Good example of troubleshooting BSOD. The first Podnutz podcast also deals with BSOD problems at boot up. Podnutz is a relatively new podcast on DIY computer repair. Well worth listening to:

http://podnutz.com/

Kirk says, March 25th, 2008   

sometimes , mostly motherboard is the damage when there’s nothing u can see in the monitor.

z0iid says, March 26th, 2008   

If you can boot into the windows recovery console, you can run “chkdsk /r”. You can run ntfsdos from the Ultimate Boot CD, but you don’t get the chkdsk options. You can just run it, but not in repair mode.

First attack for blue screens?
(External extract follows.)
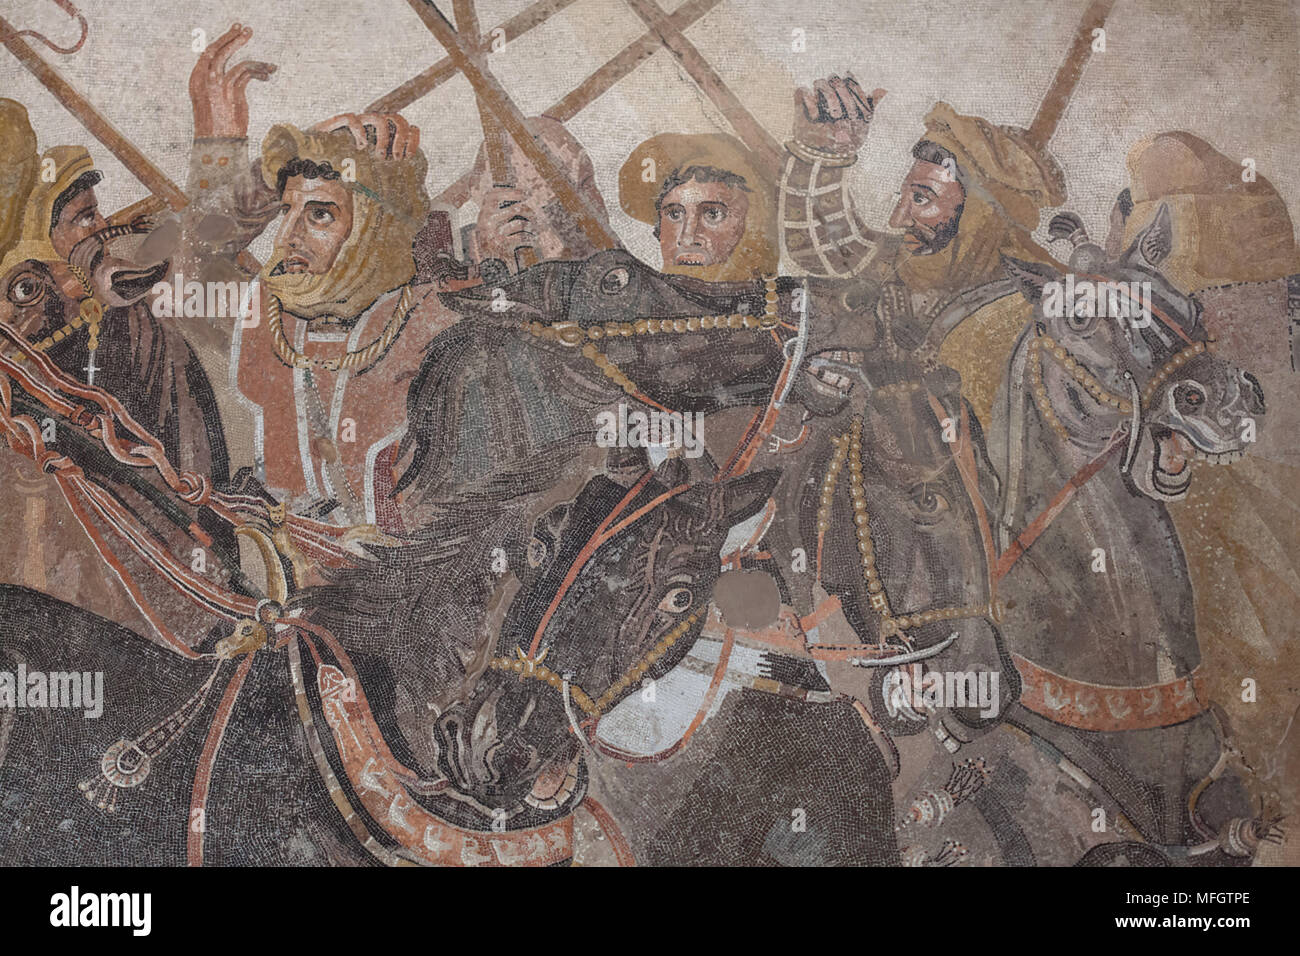 Persian warriors fighting during the battle between Alexander the Great and King Darius depicted in the Alexander Mosaic from the Casa del Fauno (House of the Faun) in Pompeii, now on display in the National Archaeological Museum (Museo Archeologico Nazionale di Napoli) in Naples, Campania, Italy. Alexander the Great is depicted attacking King Darius during one of decisive battles in the conquest of the East, probably the Battle of Issus (333 BC), the Battle of the Granicus River (334 BC) or the Battle of Gaugamela (331 BC). Stock Photo

F8 and select “last known good configuration”. Occasionally, this does actually work. If that doesn’t, I do an harddrive scan (using the Ultimate Boot CD) based on the manufacturer of the HD. This may take some time, but sometimes you will find that the hard drive is “failing” and should be replaced.

At this point, you can slave up the drive and backup important files. If the drive still isn’t “visible” as a drive letter when slaved up, but shows up in mass storage devices - then you may need to use recovery software. My software of choice is EasyRecovery Professional.

As Martin says, occasionally you run up against bad memory or a processor, but the majority of the time (and I do this for a large organization) it has something to do with the harddrive or filesystem.